In Openbox, I call Nitrogen via a key combo (I use SUPER + b, as in background) which runs this command:
nitrogen --no-recurse --sort=alpha ~/Pictures/wallpapers
--no-recurse tells nitrogen not to go into subdirectories, which is a smart thing to do considering that file managers make smaller thumbnails of the images and you usually have a hidden subdirectory with loads of tiny pictures you actually don't want to be your wallpaper.
--sort=alpha is sorting the images alphabetically.
Other options: ralpha - reversed alphabetical order, time - according to modified time, rtime - same as time, but reversed.
Of course, Openbox doesn't know that I want to load a wallpaper at startup, so I put this command in my .xinitrc / .xsession (my .xsession is actually just a symlink to my .xinitrc).
nitrogen --restore &
An empty root window with a wallpaper gives me the perfect opportunity to have a sort of live display of my system logs. There is this nifty command tool called tail which lets you view the last 10 lines of a text file in the console, while always listening in and updating, so you always get the last log entries.
The same is available for the root window, but as a different programme called root-tail (website, deb).
I have this in my .xinitrc:
root-tail -g 800x250+40+460 -font -misc-fixed-*-*-*-*-*-100-*-*-*-*-*-1 /var/log/messages
-g stands for geometry. This is the standard X stuff - the first 2 numbers are the width and height of the invisible text window in which to present the message. The other 2 numbers are the x and y coordinates on screen. Note that, as root-tail is essentially just console output, the coordinates are lines rather than pixels! You will have to experiment with this one to fit your needs and screen resolution. Mine is 1366x768. Refer to the man page for more.

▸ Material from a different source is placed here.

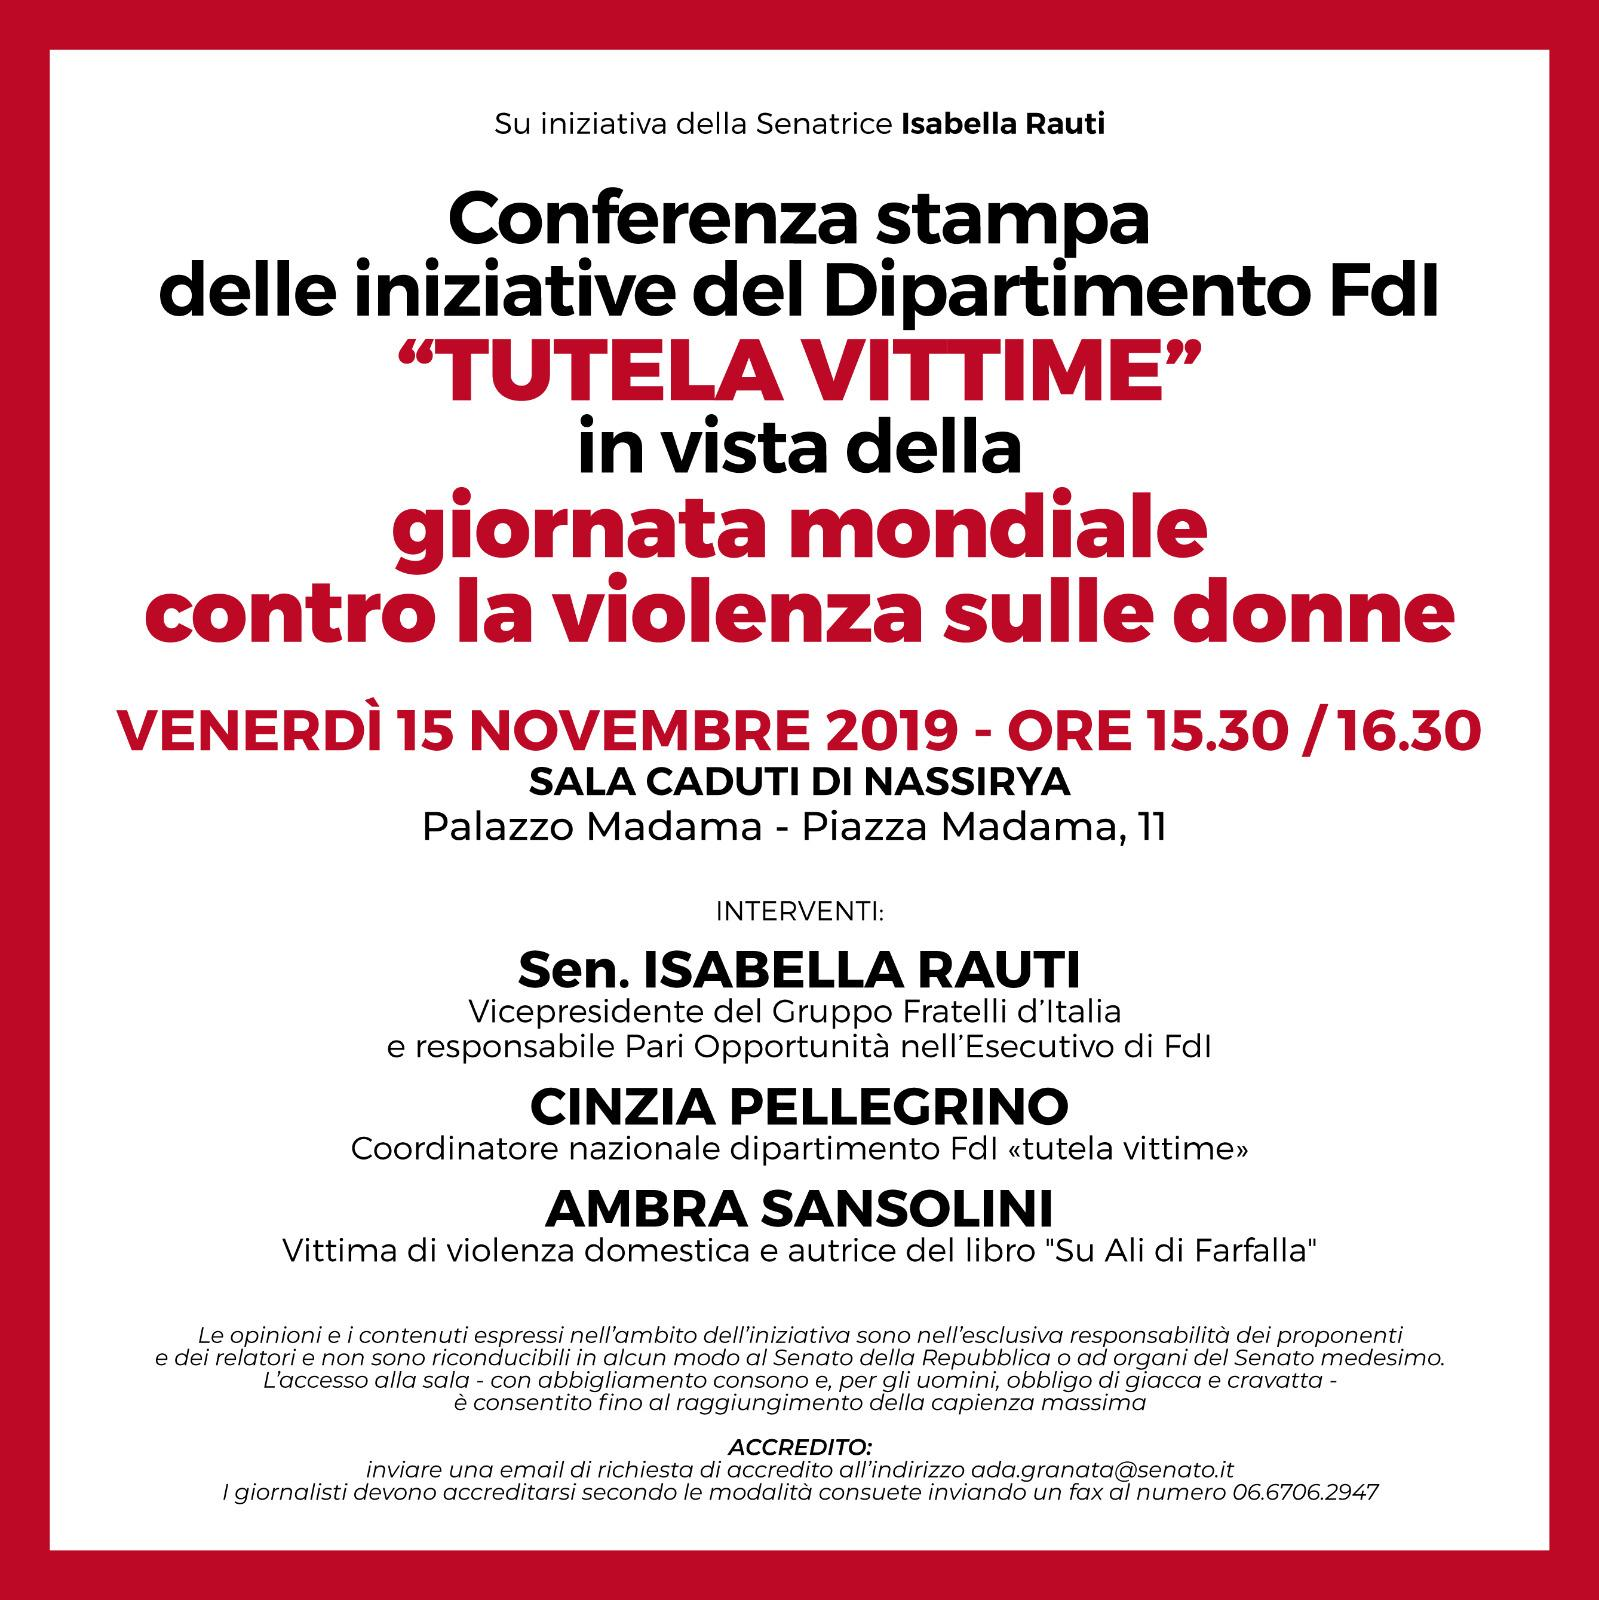 Conferenza stampa Fratelli d'Italia per la giornata mondiale contro la violenza sulle donne

-font is obvious. I have chosen an old X font without antialiasing (though I'm not even sure if trutype fonts with smoothing are even supported). This is the standard fixed width font and it works well for me.
The last bit is the log file in question. On Debian, I had to allow read access for /var/log/messages. This log shows events like USB keys being plugged in and such and hence is rather useful.